Дальше: фото от 10:02 с Робби, обнимающим за плечи Бет и Дориана. Здесь он стоял не спиной, а лицом: это фото очевидно обеспечивало ему алиби и именно его активней всего обсуждали в Сети.
Пользователи «Реддита» бесконечно комментировали его. («Насколько вообще надежна временная метка какого-то фотоаппарата из 1990-х? Там ведь нет синхронизации по Гринвичу, как на смартфоне. Могут быть большие расхождения. Часовые пояса, летнее время и т. п.!») Но при любых расхождениях фотографии охватывали сорок пять минут, до самой последней, на которой Шипучка пьет пиво — и если только все эти ребята не перелетели в свои общежития по воздуху, то нужное количество времени учтено. Понадобился бы кто-то поумнее Джимми Скальцитти, чтобы несколько раз менять настройки часов.

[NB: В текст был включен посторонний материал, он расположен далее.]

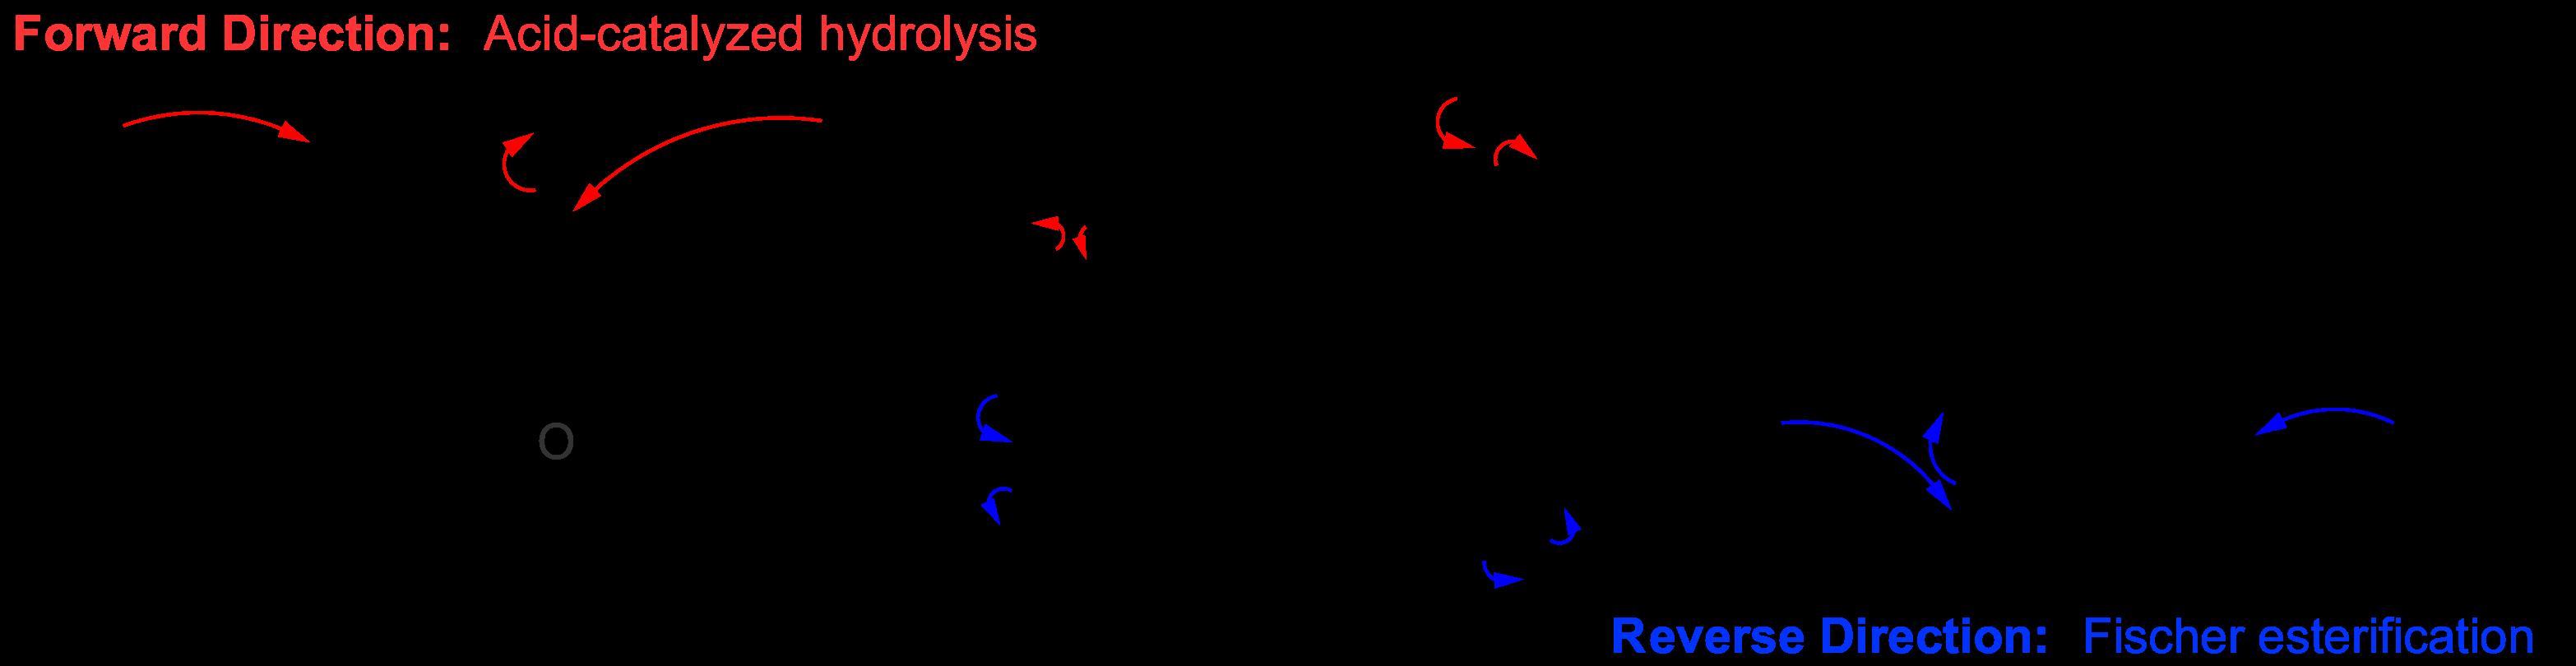 File:Fischer Esterification-Hydrolysis Equilibrium.png
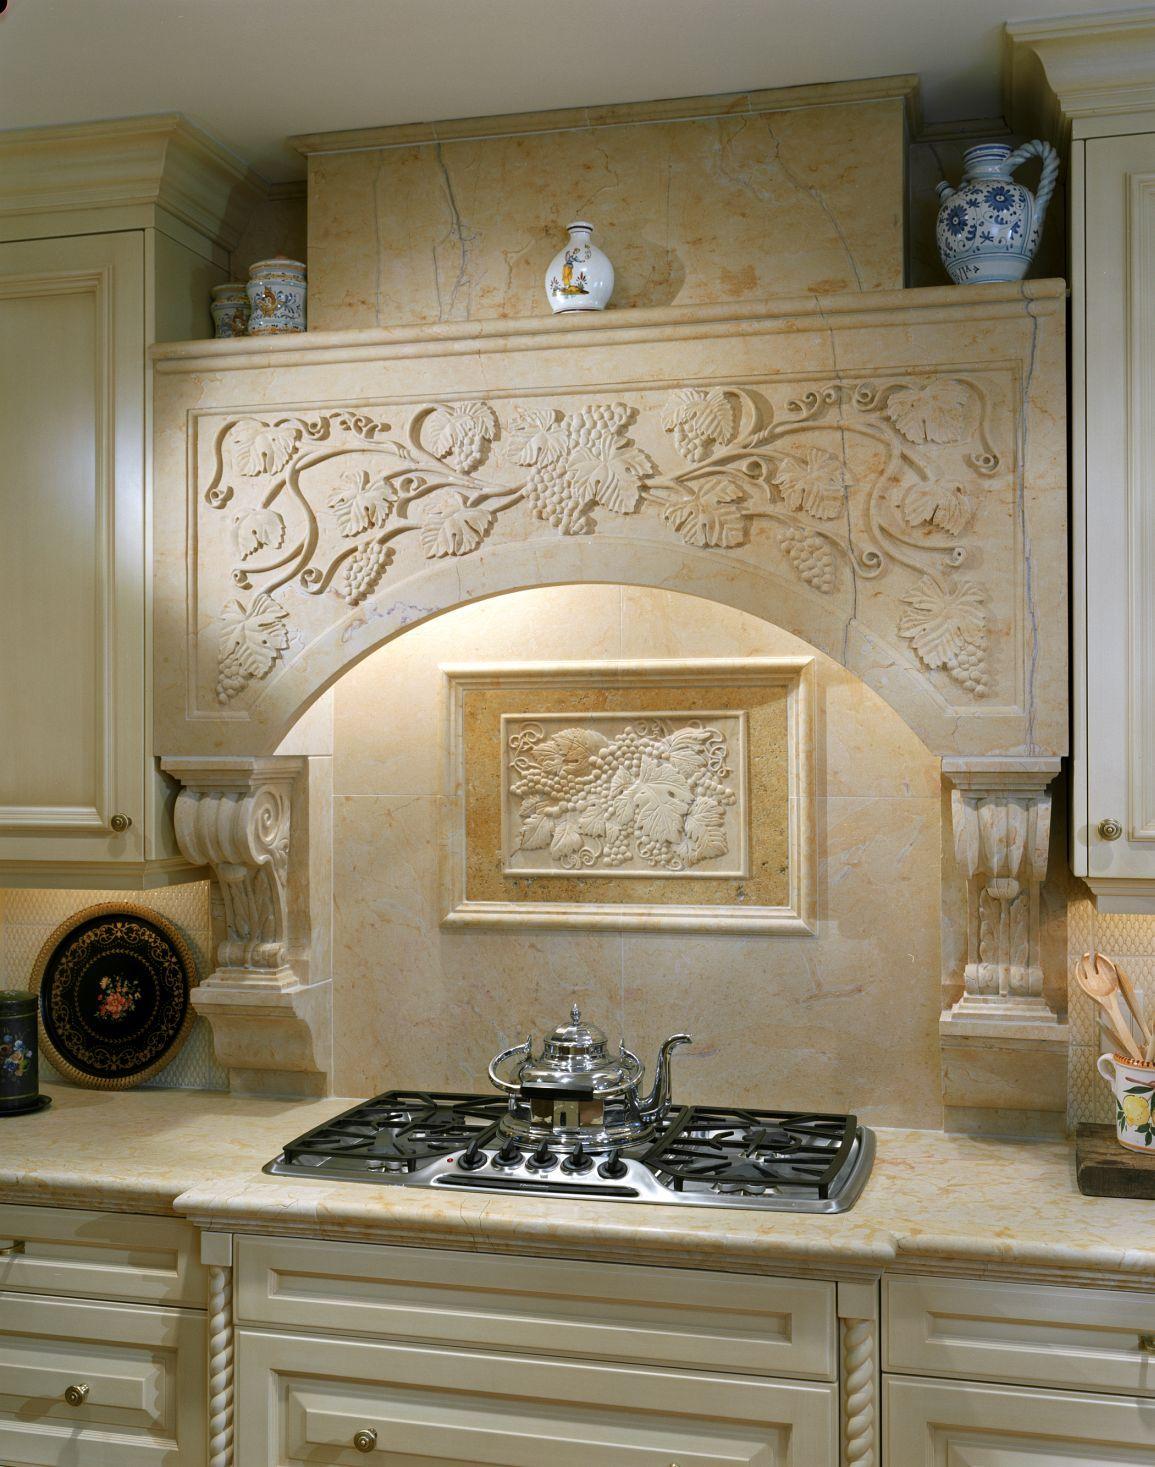 Best Kitchen Gallery: Kitchen Hoods Hearths In Natural Stone By Materials Marketing of Stone Kitchen Hoods on rachelxblog.com

Я рассматривала последние три снимка, показывающие пол в комнате Джимми в общаге, проникаясь спокойствием оттого, что учтены все тридцать шесть фотографий, и вдруг Ольха сказал:
— Хм.
Словно тревожный звоночек.
Я заглянула ему через плечо, пытаясь понять, на что он смотрит. Он взял фотографию с пятном грязи, где все стоят спиной, и сказал:
— Это Серено, да? — Ольха указал мизинцем на спину Робби. Это был он, его растрепанные волосы, спина той же лыжной толстовки Грэнби золотистого цвета, в которой он был на других снимках, те же мешковатые джинсы.
Я сказала:
— Ну, да. Это не кровь.
— Это я знаю.
Ольха надул губы.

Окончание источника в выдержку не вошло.